CONFESSIONE DI UN COMMISSARIO DI POLIZIA AL PROCURATORE DELLA REPUBBLICA (1971) di Damiano Damiani

“Come funzionario della legge, devi far rispettare la legge … non criticarla”
Dopo solo tre anni dal celebre IL GIORNO DELLA CIVETTA, Damiano Damiani torna con un film denuncia ancora più coraggioso sul potere tentacolare della mafia in Sicilia. CONFESSIONE DI UN COMMISSARIO è un film diretto, duro e amaro, reso immortale grazie soprattutto a corsi e ricorsi storici negli anni a venire, afferenti corruzione, criminalità e ingerenza della stessa nei palazzi del potere, economico, politico e soprattutto giudiziario, come nel caso di questa tragica vicenda di controversa (in)giustizia italiana.
Palermo. Bonavia è un commissario di polizia costretto a subire impotente il potere della Mafia e dei suoi affiliati in tutti gli affari più sporchi della città. Le sue indagini sono rivolte in modo particolare al boss Ferninando Lomunno, con il quale ha un conto in sospeso da diversi anni. Per avere giustizia, Bonavia non esita a liberare dal manicomio un ex criminale che ha conti in sospeso con Lomunno e che non avrebbe scrupoli nell’ucciderlo. L’attentato pilotato va male e sull’indagine piomba il nuovo procuratore distrettuale Traini, il quale entra subito in conflitto con Bonavia a causa delle sue rigide regole di giustizia, legate alle leggi italiane e la loro applicazione normativa.
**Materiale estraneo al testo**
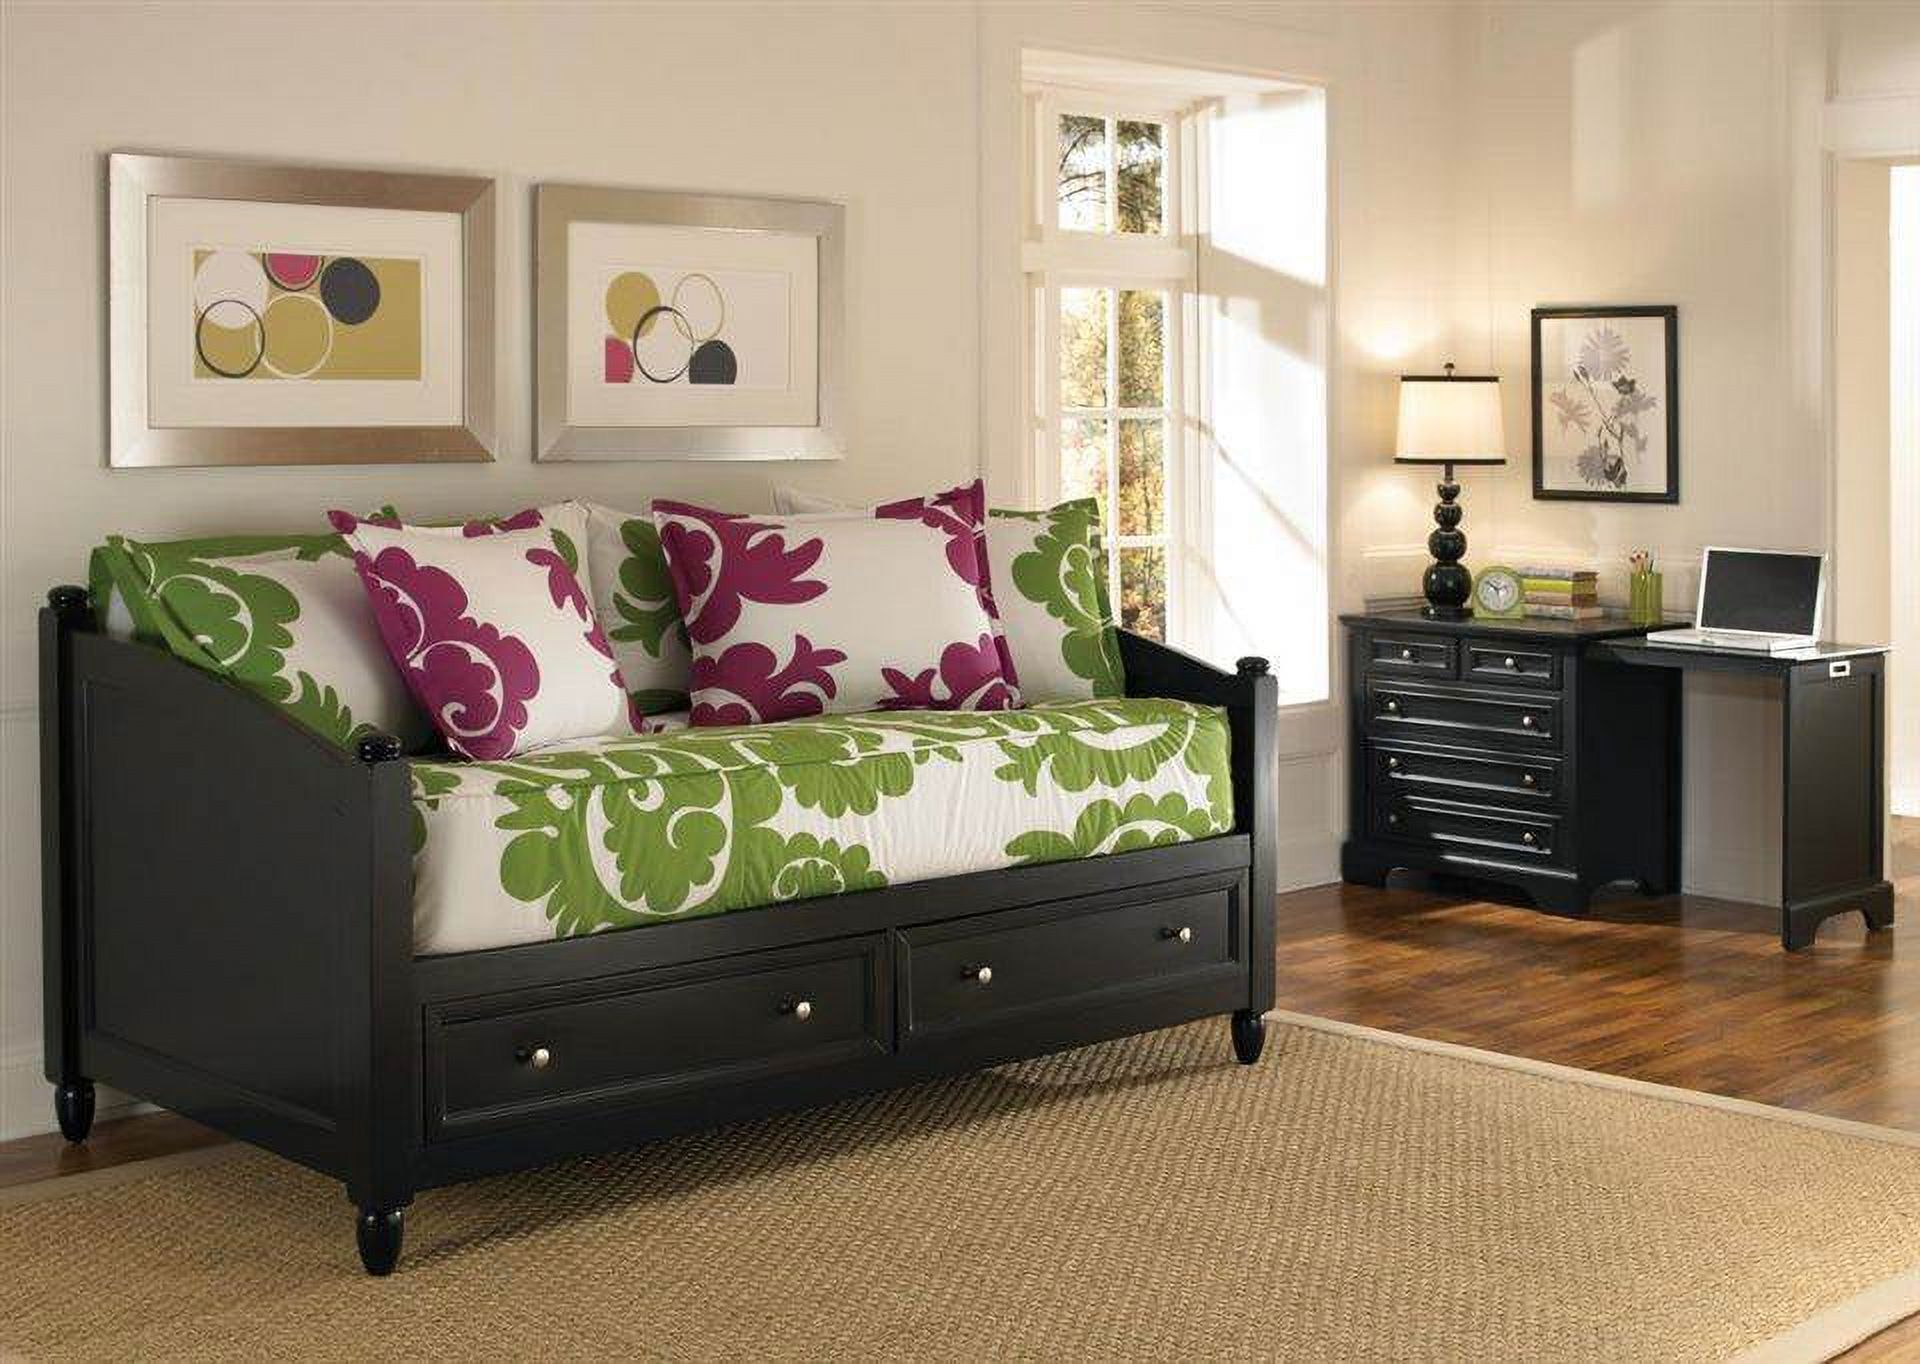 2-Drawer Daybed in Black Finish - image 3 of 3

Lo scontro tra i due trova un compromesso grazie all’obiettivo di scoperchiare il vaso di pandora della malavita palermitana, che abbraccia imprenditori, politici e persino qualcuno all’interno della polizia e del palazzo di giustizia ….
Personalità di spessore e dialoghi tosti (quello di Lomunno in palestra è da antologia), segnano indelebilmente uno dei polizieschi italiani più riusciti dell’epoca, merito assoluto di interpretazioni memorabili (Franco Nero, Martin Balsam e Claudio Gora bucano letteralmente lo schermo), una colonna sonora opera di un Riz Ortolani in stato di grazia e una sceneggiatura scaltra, che ben mette in risalto le insidie dei palazzi di giustizia quando il potere criminale esterno appare nettamente superiore e per questo destinato a determinarne indelebilmente il percorso sociale ed economico. Una sceneggiatura perfetta che gioca abilmente le sue carte, mostrando quelle che hanno determinato la rabbia di Bonavia attraverso un flashback doloroso del passato, e poi quelle che caratterizzeranno il procuratore Trani, le quali si fonderanno su tentazioni, ricatti e calunnie tese a minare la sua incrollabile fiducia nella giustizia italiana. Damiani, per rendere ancora più cupa e drammatica la pellicola, non esita a mostrare violenza feroce e omicidi efferati, anche con donne e bambini uccisi per la ‘giusta causa’ della malavita. Se il conflitto tra i due funzionari dello stato caratterizza, spesso in maniera aspra, tutta la pellicola, il finale chiude il cerchio per entrambi in maniera tragica, amara ed estrema, sia dal punto di vista psicologico che fisico. Una pellicola italiana di sicuro impatto all’epoca e destinata ad essere ammirata anche oltre i confini nazionali, influenzando decine di pellicole crime future, italiane e non solo.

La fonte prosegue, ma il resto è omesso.